Avicenna, an Arab physician of the late 900's and early 1000's, produced a vast medical encyclopedia called Canon of Medicine. It summed up the medical knowledge of the time and accurately described meningitis, tetanus, and many other diseases. The work became popular in Europe, where it influenced medical education for more than 600 years.
A series of epidemics swept across Europe during the Middle Ages. Outbreaks of leprosy began in the 500's and reached their peak in the 1200's. In the mid-1300's, a terrible outbreak of plague, now known as the Black Death, killed about a fourth of Europe's people. Throughout the medieval period, smallpox and other diseases attacked hundreds of thousands of people.
The chief medical advances in Europe during the Middle Ages were the founding of many hospitals and the first university medical schools. Christian religious groups established hundreds of charitable hospitals for victims of leprosy. In the 900's, a medical school was started in Salerno, Italy. It became the chief center of medical learning in Europe during the 1000's and 1100's. Other important medical schools developed in Europe after 1000. During the 1100's and 1200's, many of these schools became part of newly developing universities, such as the University of Bologna in Italy and the University of Paris in France.
The Renaissance
A new scientific spirit developed during the Renaissance, the great cultural movement that swept across Western Europe from about 1300 to the 1600's. Before this time, most societies had strictly limited the practice of dissecting (cutting up) human corpses for scientific study. But laws against dissection were relaxed during the Renaissance. As a result, the first truly scientific studies of the human body began.
During the late 1400's and early 1500's, the Italian artist Leonardo da Vinci performed many dissections to learn more about human anatomy. He recorded his findings in a series of more than 750 drawings. Andreas Vesalius, a physician and professor of medicine at the University of Padua in Italy, also performed numerous dissections. Vesalius used his findings to write the first scientific textbook on human anatomy, a work called On the Structure of the Human Body (1543). This book gradually replaced the texts of Galen and Avicenna.

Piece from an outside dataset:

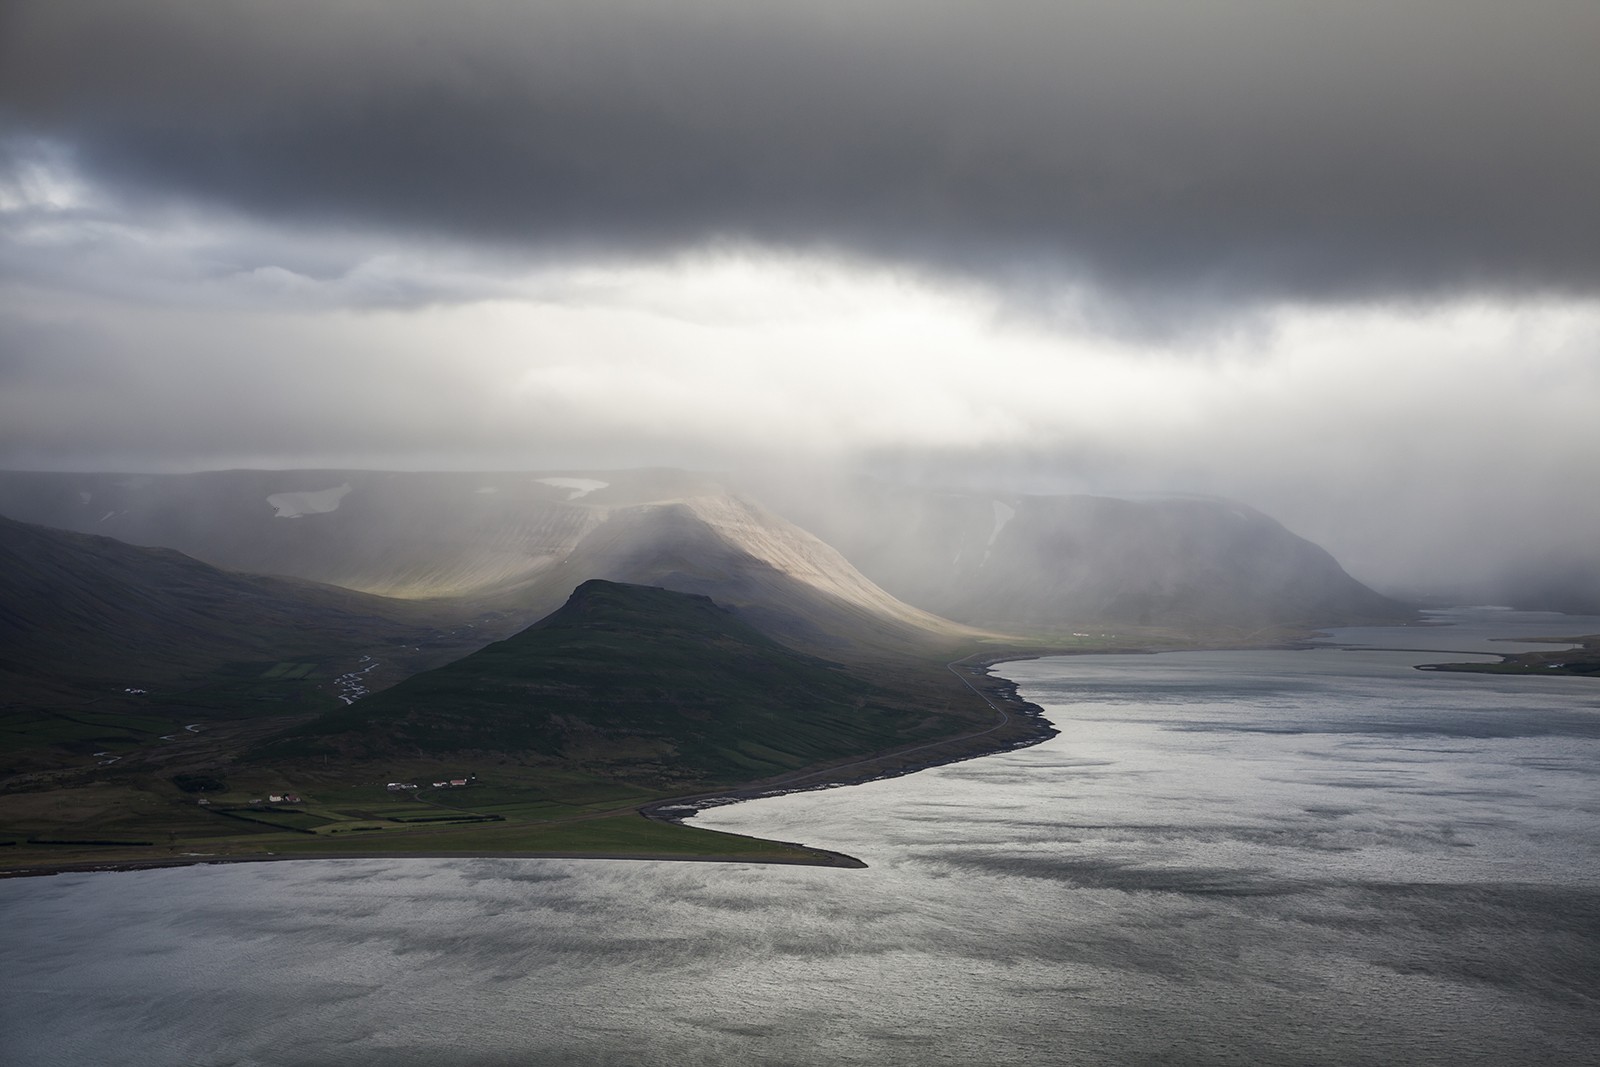 General 1600x1067 landscape nature coast Iceland fjord overcast hills nordic landscapes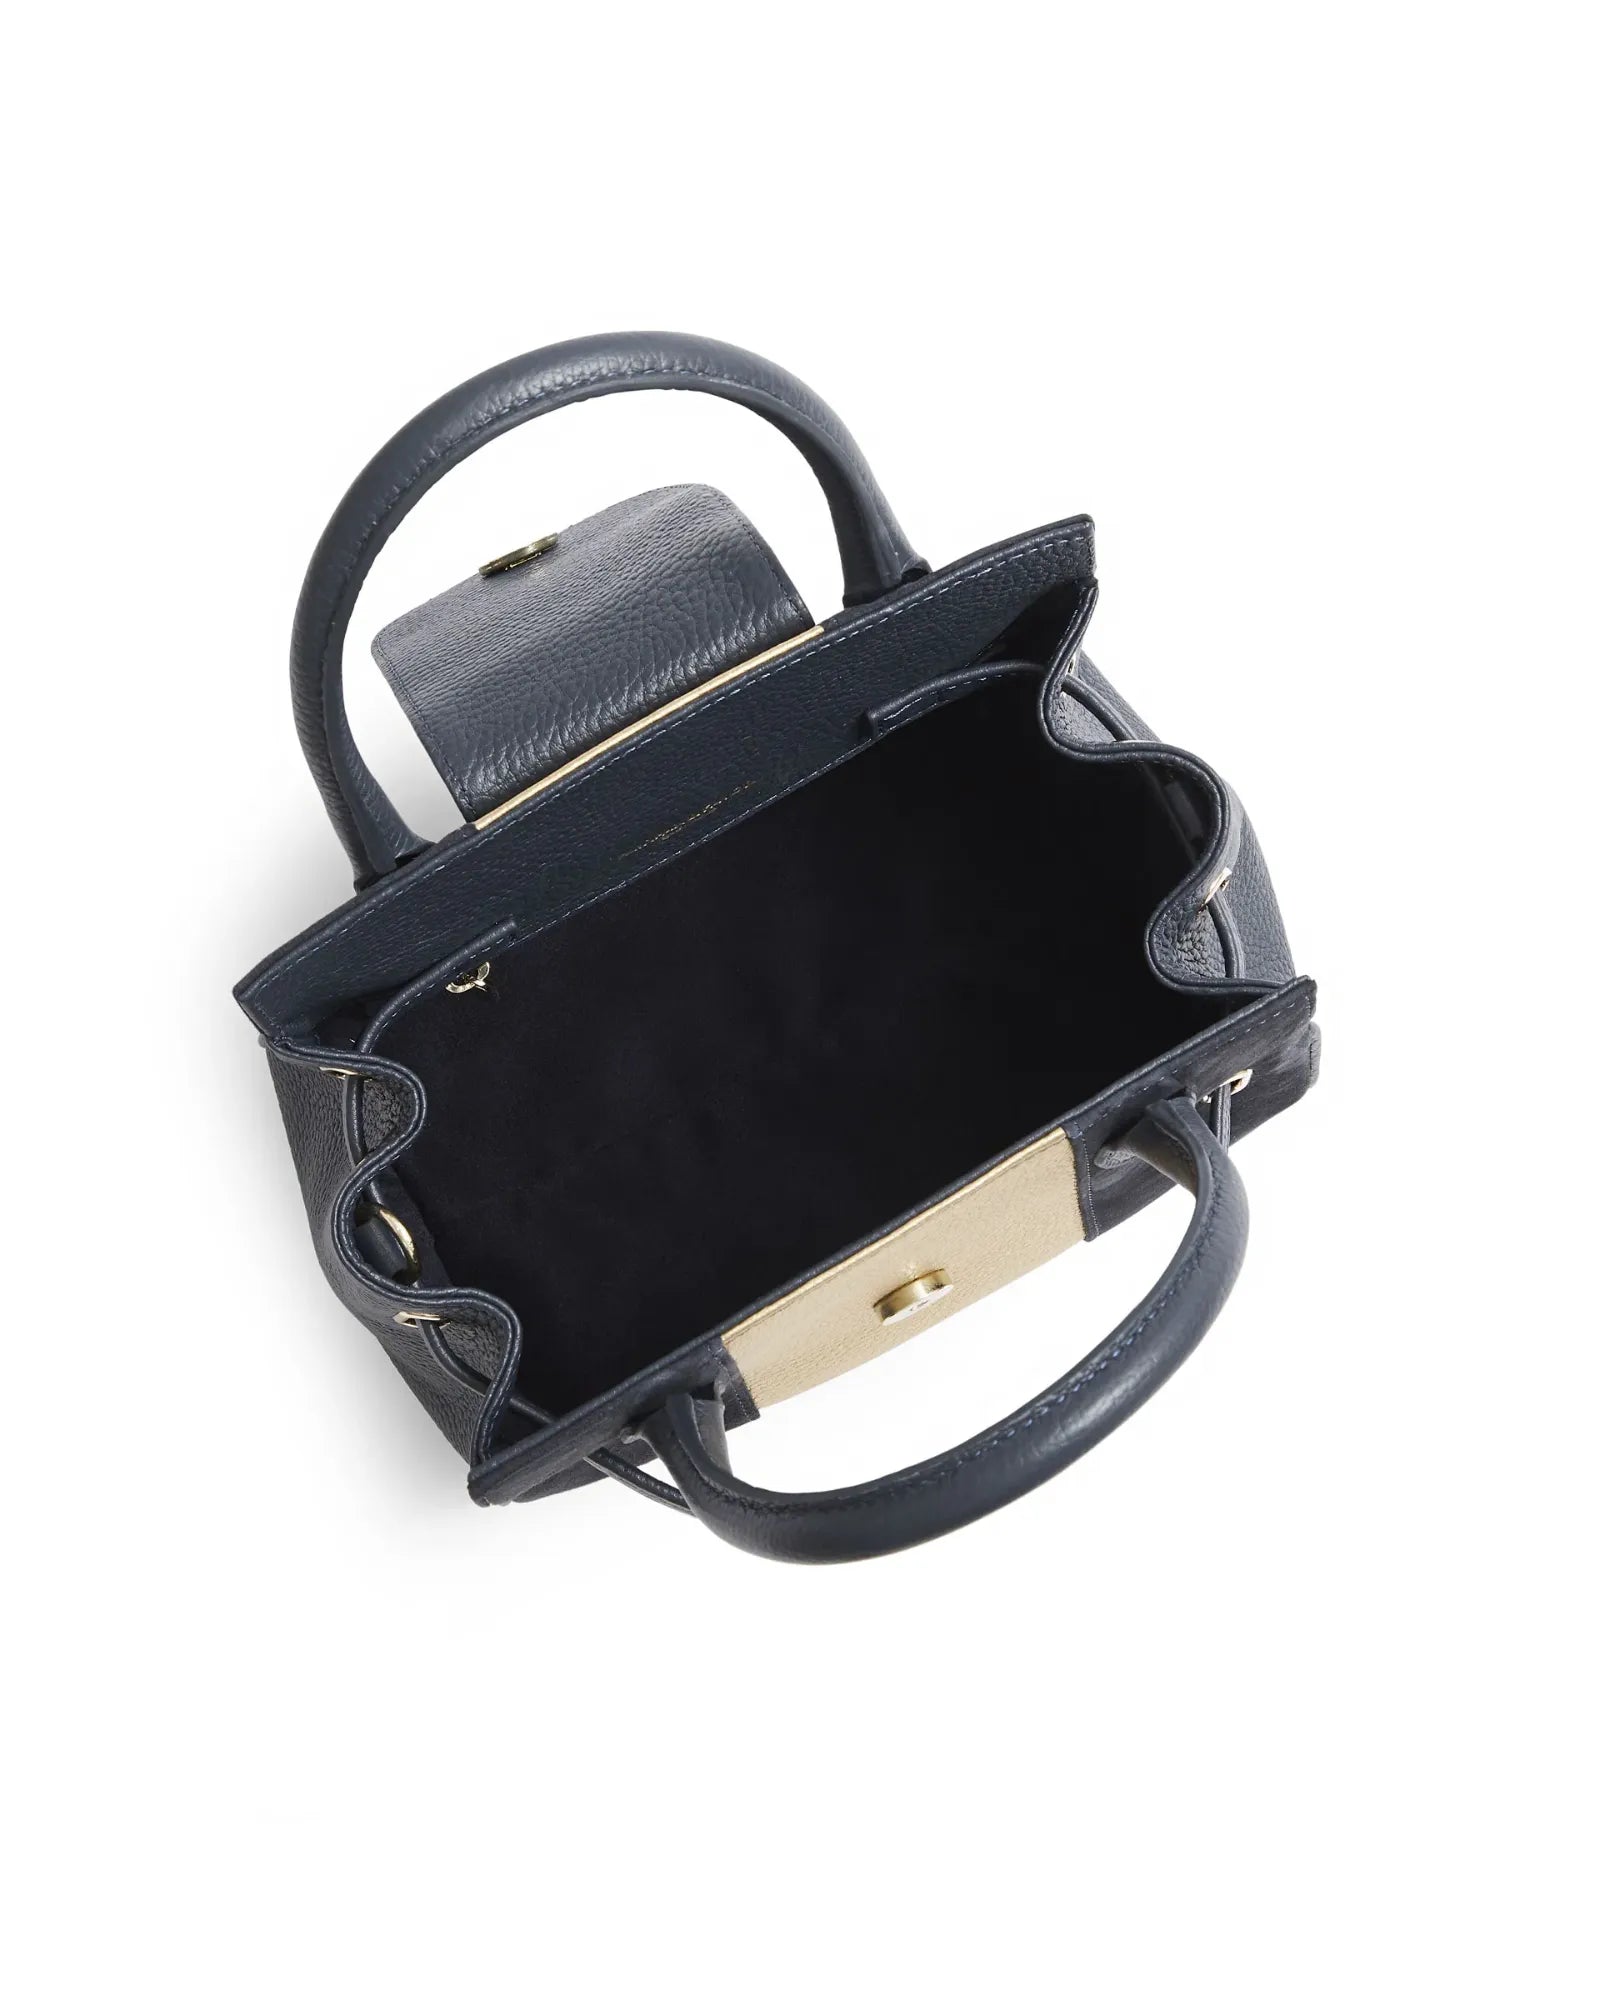 The Mini Windsor Handbag in Navy & Gold Suede

Other physicians also made outstanding contributions to medical science in the 1500's. A French army doctor named Ambroise Pare improved surgical techniques to such an extent that he is considered the father of modern surgery. For example, he opposed the common practice of cauterizing (burning) wounds with boiling oil to prevent infection. Instead, he developed the much more effective method of applying a mild ointment and then allowing the wound to heal naturally. Philippus Paracelsus, a Swiss physician, stressed the importance of chemistry in the preparation of drugs. He pointed out that in many drugs consisting of several ingredients, one ingredient made another useless.
Modern times
The beginnings of modern research. The English physician William Harvey performed many experiments in the early 1600's to learn how blood circulates through the body. Before Harvey, scientists had studied only parts of the process and invented theories to fill in the gaps. Harvey studied the entire problem. He performed dissections on both human beings and animals and made careful studies of the human pulsebeat and heartbeat. Harvey concluded that the heart pumps blood through the arteries to all parts of the body and that the blood returns to the heart through the veins.
Harvey described his findings in An Anatomical Study of the Motion of the Heart and of the Blood in Animals (1628). His discovery of how blood circulates marked a turning point in medical history. After Harvey, scientists realized that knowledge of how the body works depends on knowledge of the body's structure.
In the mid-1600's, a Dutch amateur scientist named Anton van Leeuwenhoek began using a microscope to study organisms invisible to the naked eye. Today, such organisms are called microorganisms, microbes, or germs. In the mid-1670's, Leeuwenhoek discovered certain microbes that later became known as bacteria. Leeuwenhoek did not understand the role of microbes in nature. But his research paved the way for the eventual discovery that certain microbes cause disease.
The development of immunology. Smallpox was one of the most feared and highly contagious diseases of the 1700's. It killed many people every year and scarred others for life. Doctors had known for hundreds of years that a person who recovered from smallpox developed lifelong immunity (resistance) to it. To provide this immunity, doctors sometimes inoculated people with matter from a smallpox sore, hoping they would develop only a mild case of the disease. But such inoculations were dangerous. Some people developed a severe case of smallpox instead of a mild one. Other inoculated persons spread the disease.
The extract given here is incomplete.